January glanced outside, to where Mary's husband, Amos, and Lafayette, the younger cotton-hand, were putting the mule to the wagon. Amos was a medium-sized man, impassive and heavy-muscled. Close to, in the shadows of the kitchen, January could see the dark mark of an old bruise on Mary's face, and a small fresh scar beneath her left eye. It was none of his business, he thought, and Amos was going to drive him across the river and down Steele's Bayou—neither of which was anywhere near this small bottomlands farm—almost certainly saving him from the Reverend Christmas and his boys.
Was it Amos's fault, January asked himself, that he had in him smoldering anger equal to January's own? Anger that would unleash itself on the nearest and weakest target?
He thought of Julie on the boat, rocking back and forth in Rose's arms. What'm I gonna do?

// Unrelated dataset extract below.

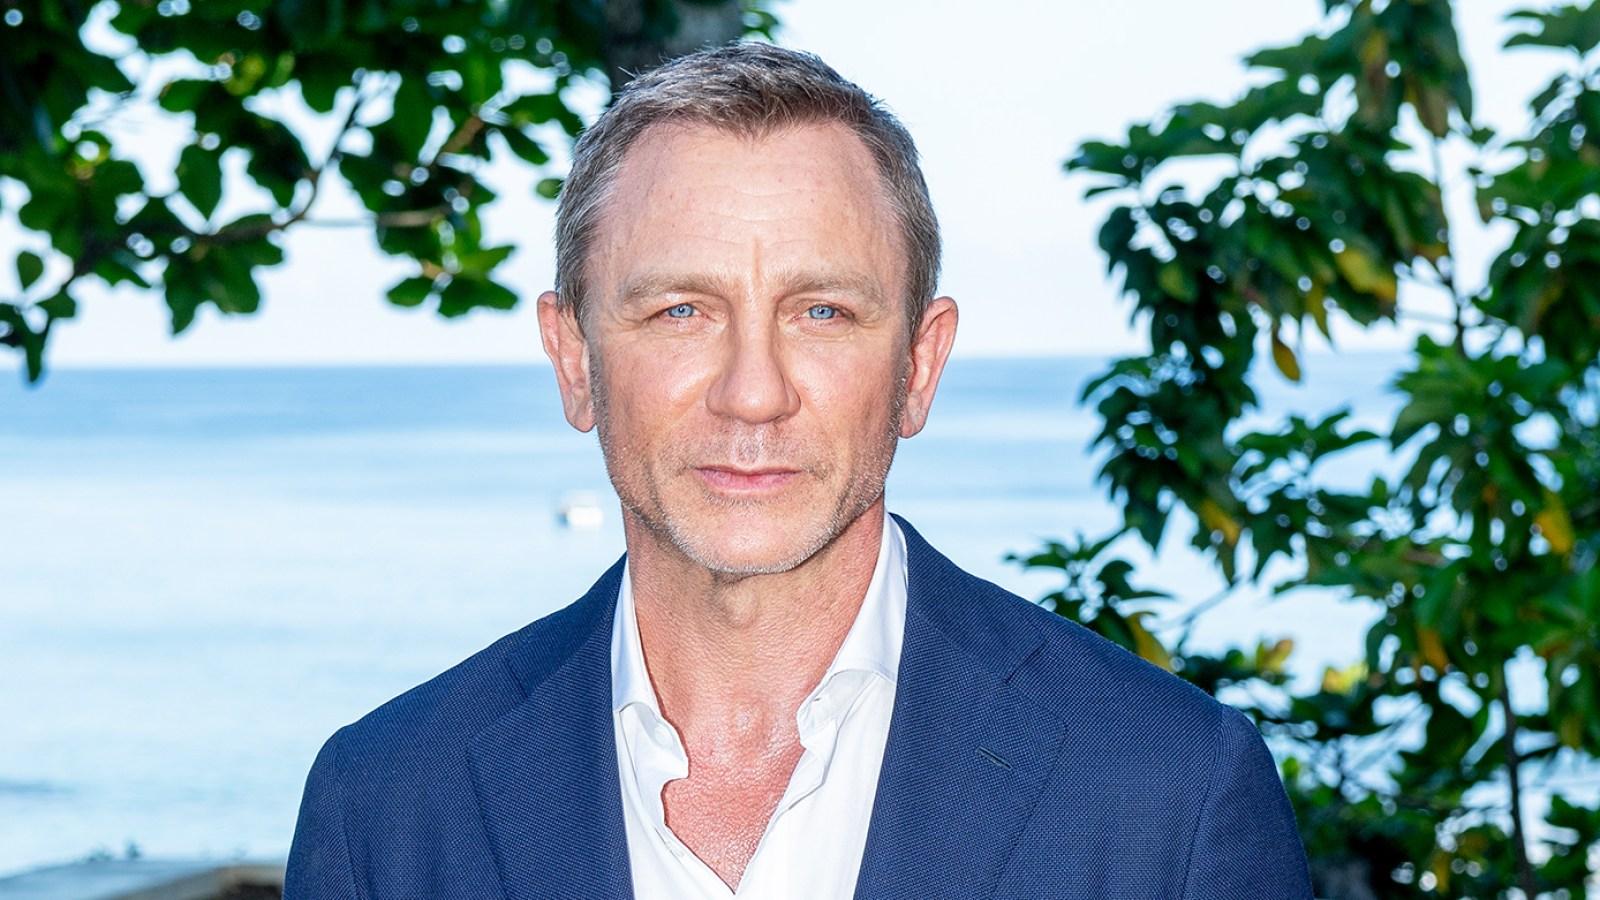 9b34b47271 Daniel Craig Injured on 'Bond 25' Set, Filming Suspended: Report
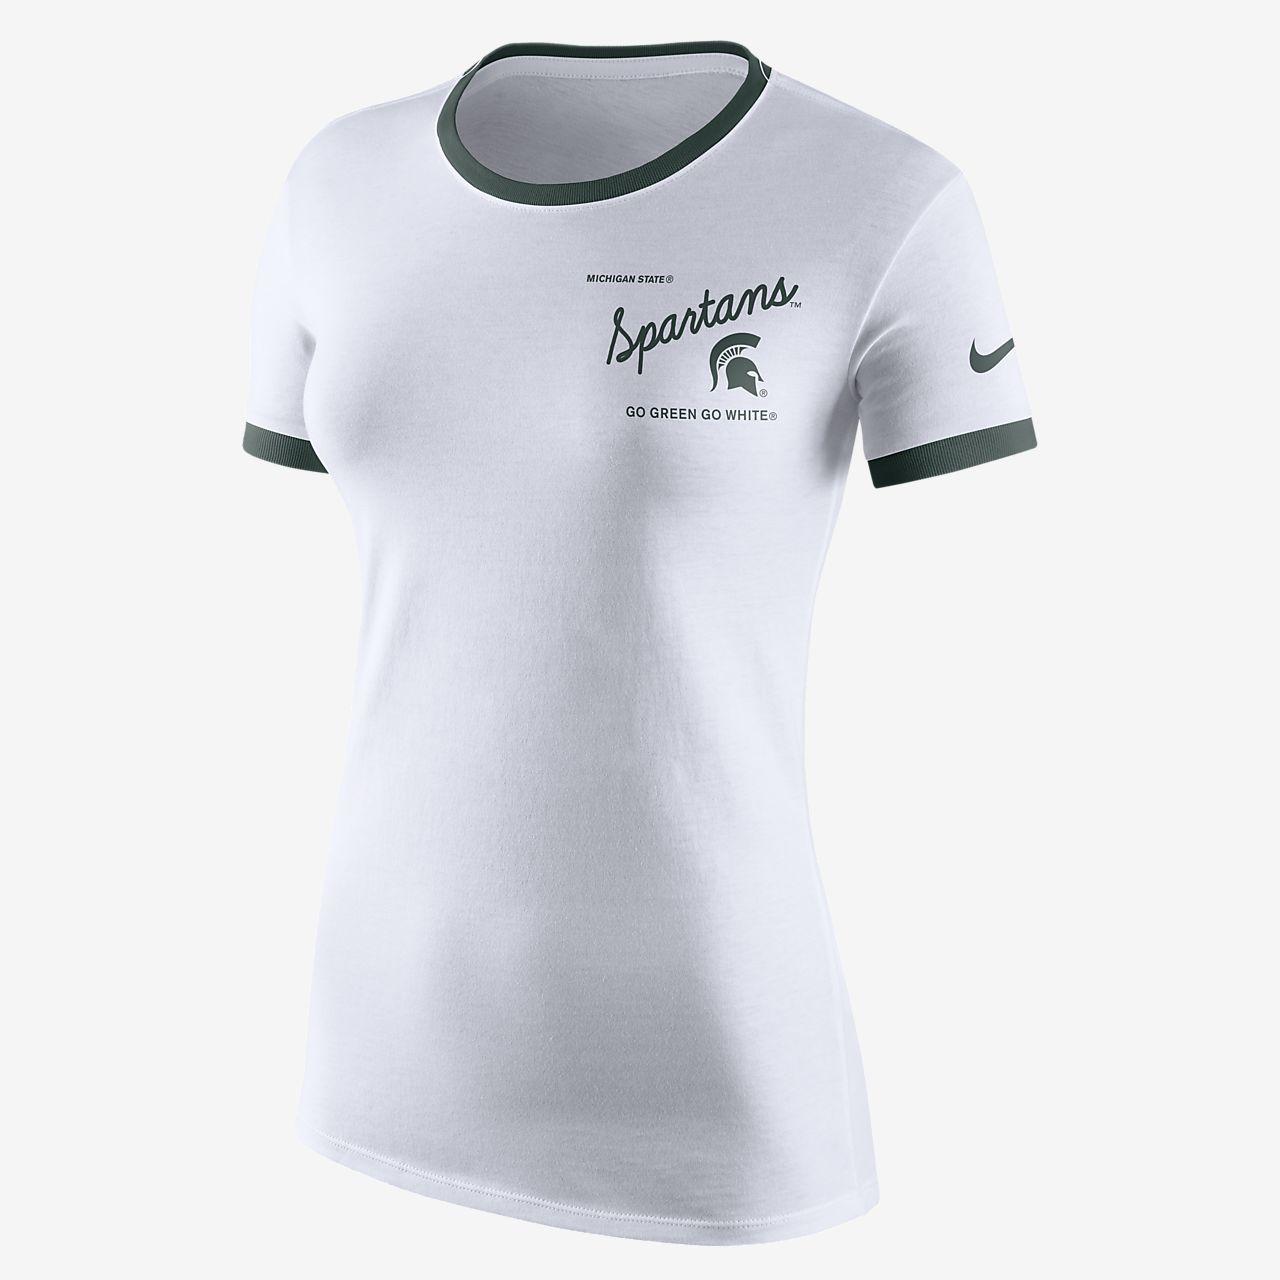 Nike College (Michigan State) Women's Tri-Blend T-Shirt

With a baby in arms and two more hanging on to her skirts, Mary was obviously not going to run anywhere.
How did you get here? he wanted to ask her as she laid before him a couple of ash-pones and a cup of milk, food her master might well want an accounting of at the end of the day. What are you doing here, with your good French and your beauty and your quick movements, so unlike those of the field-hand who knows that to conclude work swiftly will only earn another task?
But he already knew the answer to this, and the harrowing-up of details would be no joy to her. So instead he raised an eyebrow and asked, “And was this Divine communication via a burning bush, or the more modern whirlwind method?” And laughed as the young woman recounted her master's vision of the fiery letters “GPC,” which had appeared to him in a dream:
“He said they must surely mean Go Preach Christ, though the members of the local Methodist synod who rejected his application for the ministry suggested that Our Lord more probably meant Go Pick Cotton . . . .”
“You have no idea,” she said as she and Amos helped him into the back of the wagon and piled brush and kindling over him, “how good it is to hear good French spoken again, and to see—” She hesitated, sadness darkening her eyes. “Oh, anyone new. Anyone at all.”